▸ EXERCISE BRIEF
Leave the images out and repeat the data exactly as given.

▸ EXERCISE DATA

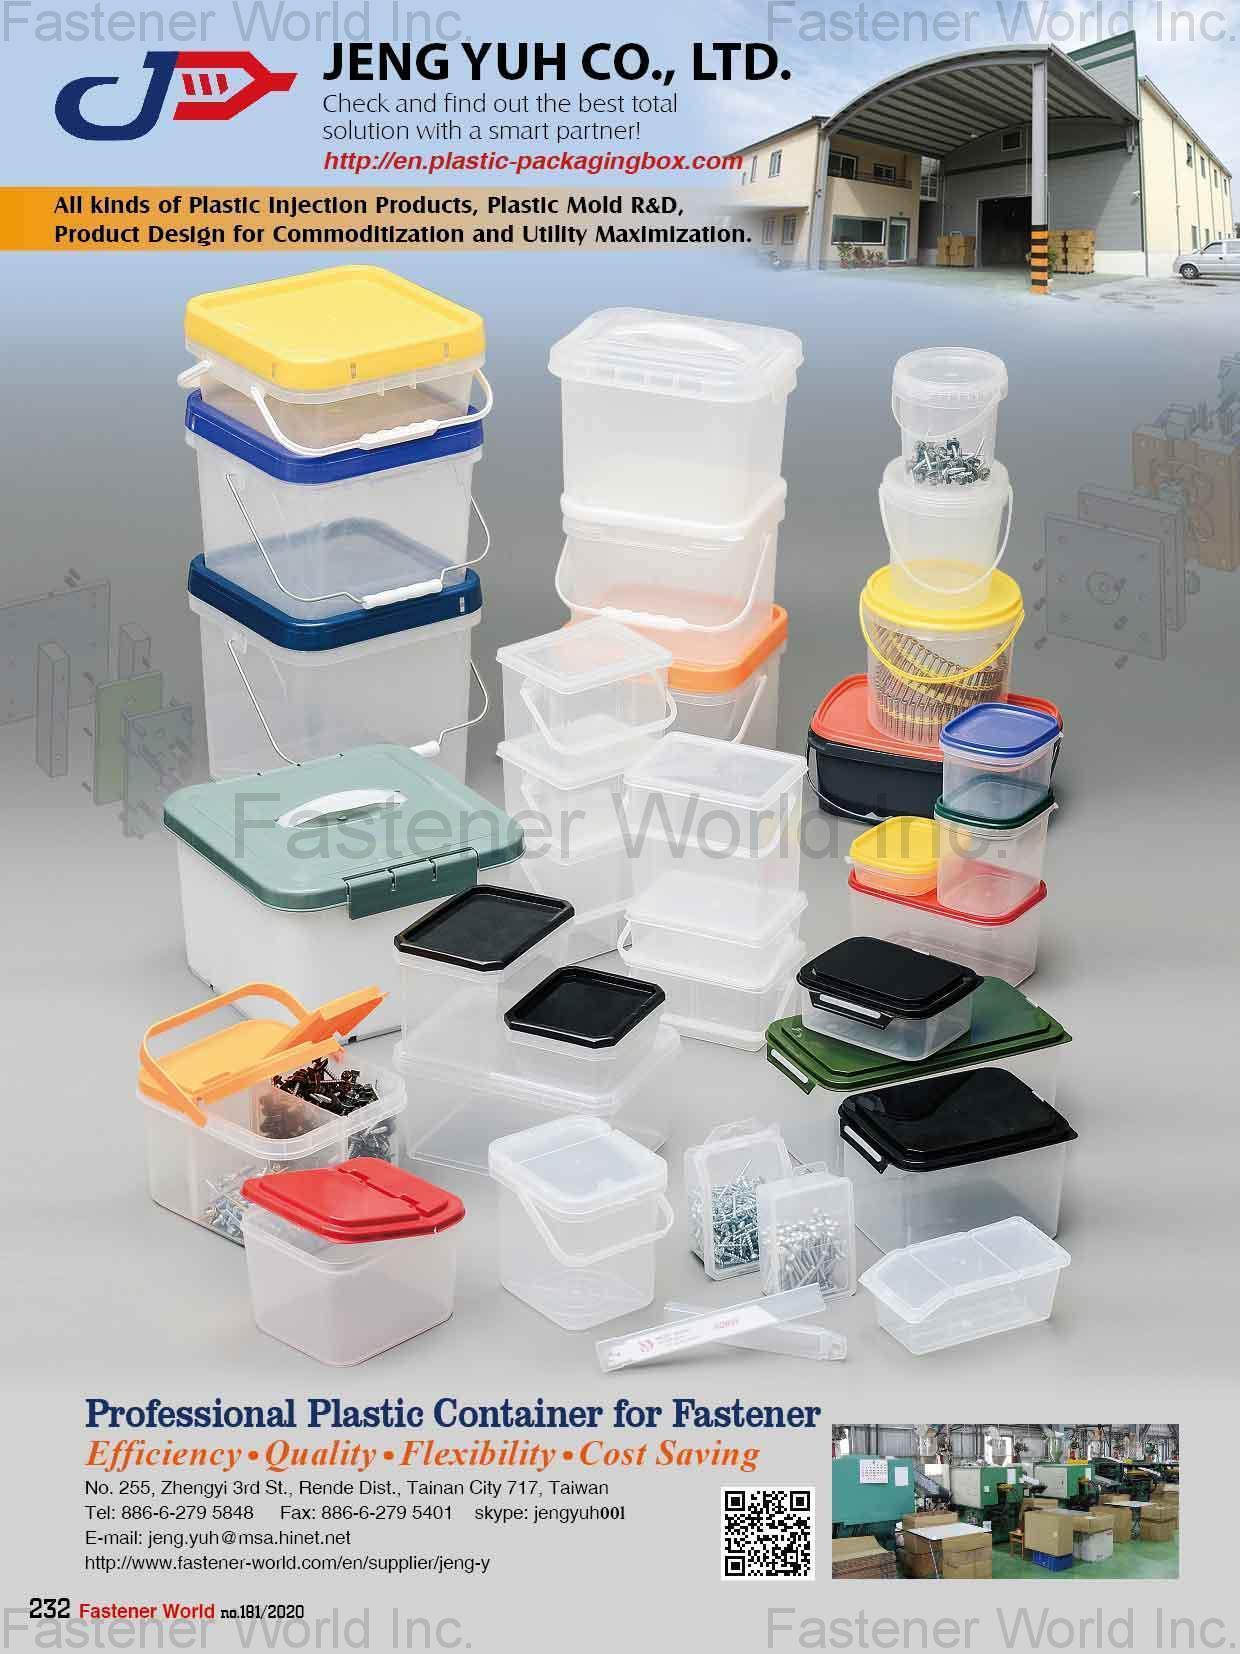 JENG YUH CO., LTD. , Plastic Injection Products, Plastic Mold R&D
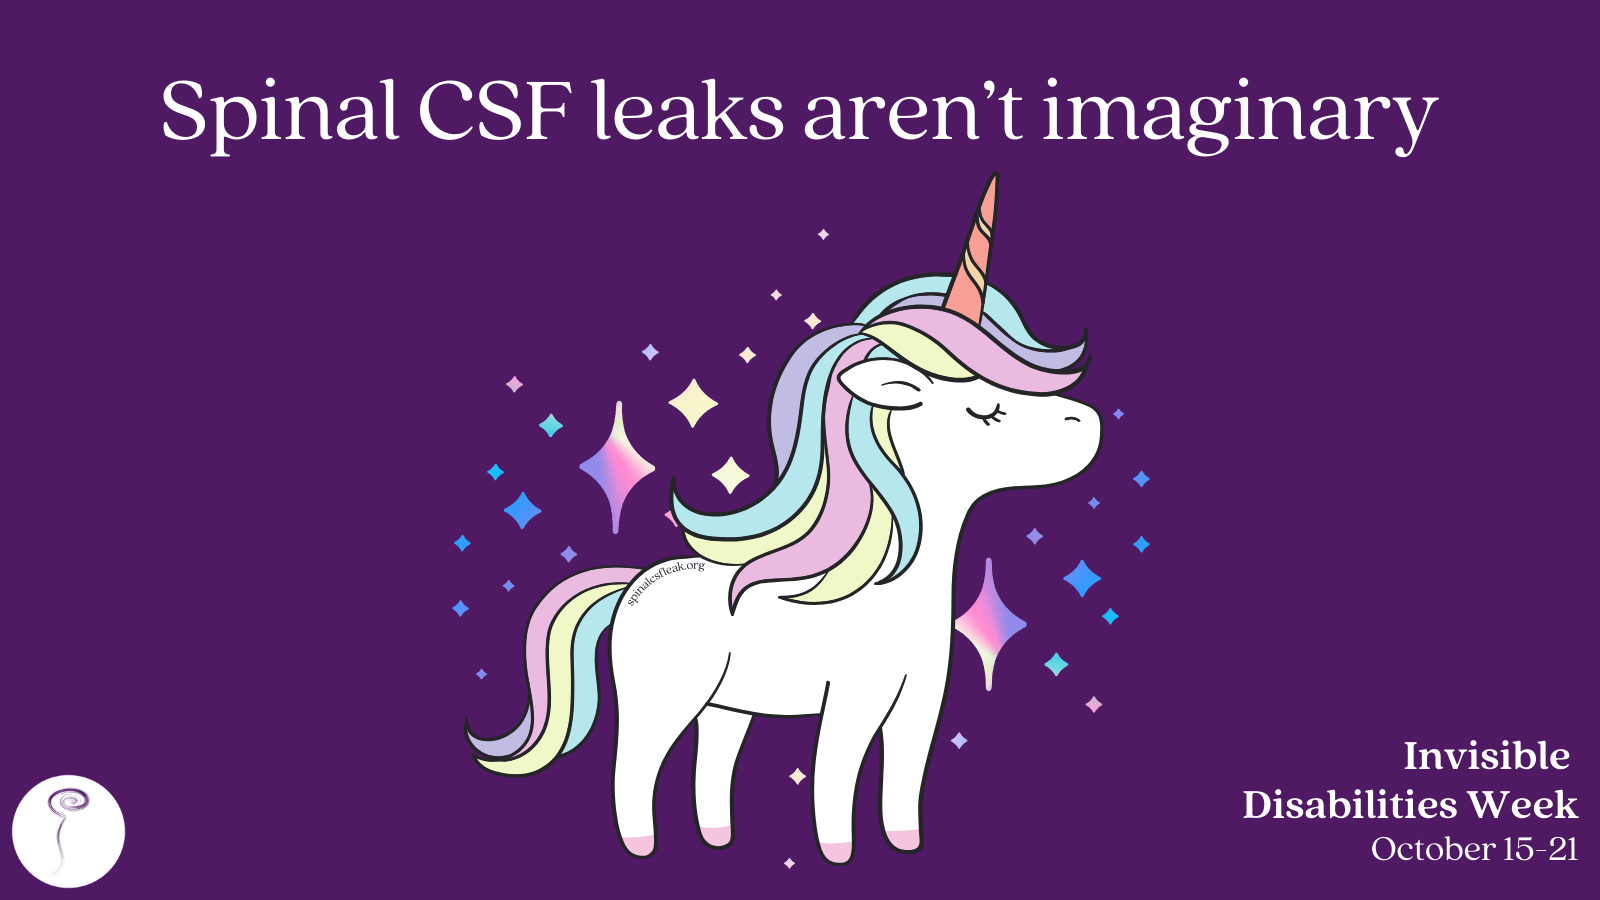 spinal csf leaks aren't imaginary, they're invisible
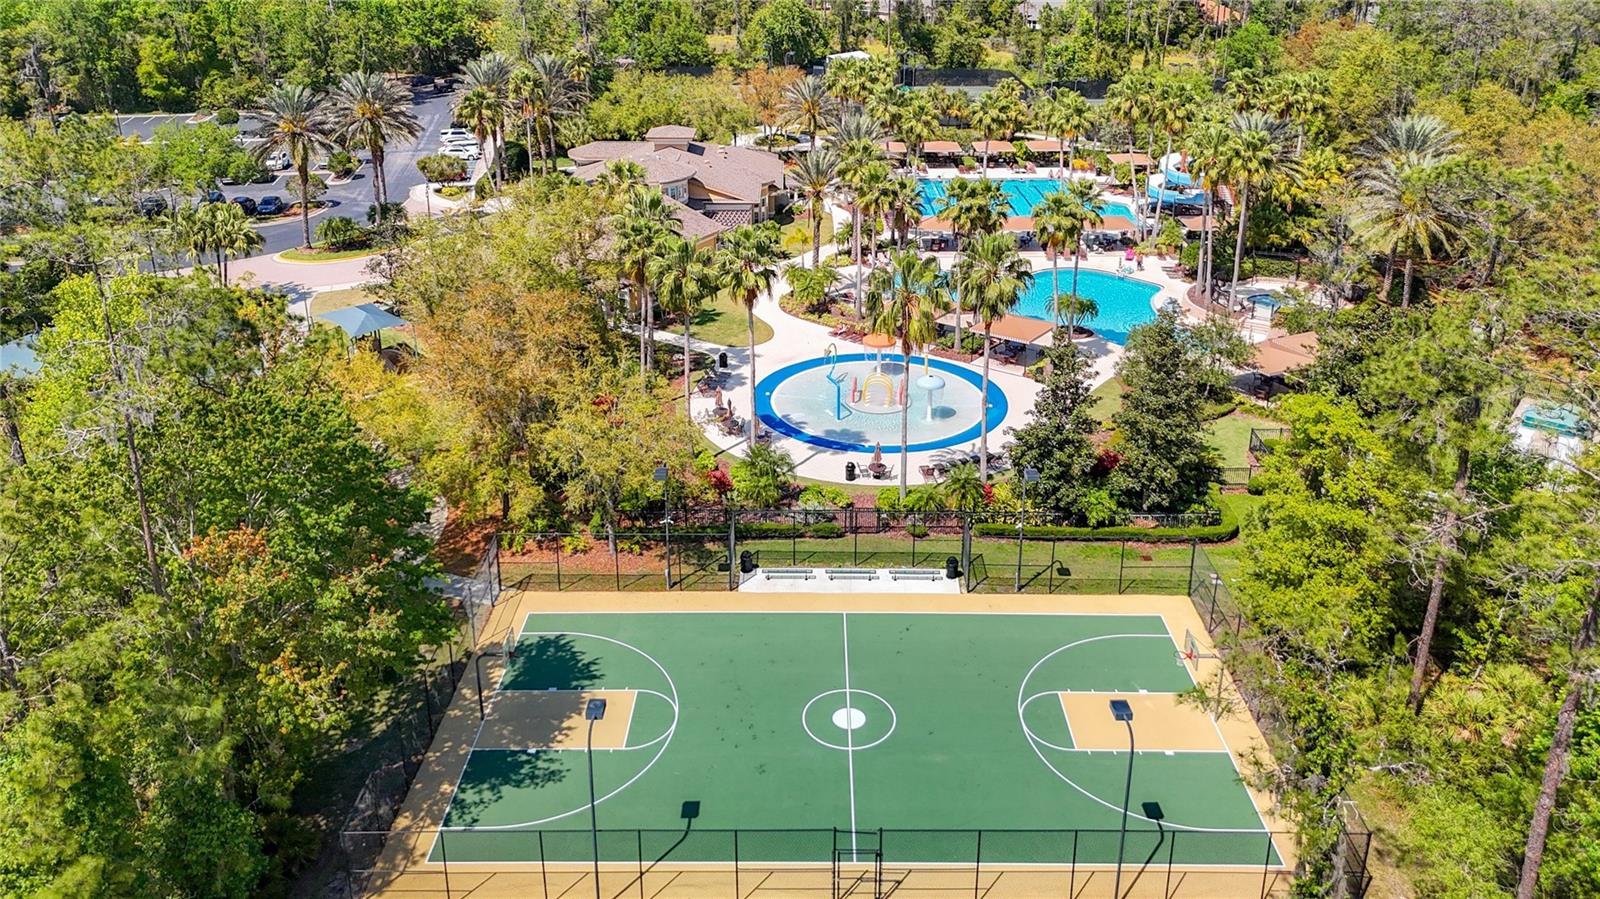 great view of Some of the many amenities offered at clubhouse no additional fees to use pool or tennis courts or basket ball, ther eis a volley ball court near by as well.

▸ SOLUTION TO THIS PROBLEM
 JENG YUH CO., LTD. , Plastic Injection Products, Plastic Mold R&D
 spinal csf leaks aren't imaginary, they're invisible
 great view of Some of the many amenities offered at clubhouse no additional fees to use pool or tennis courts or basket ball, ther eis a volley ball court near by as well.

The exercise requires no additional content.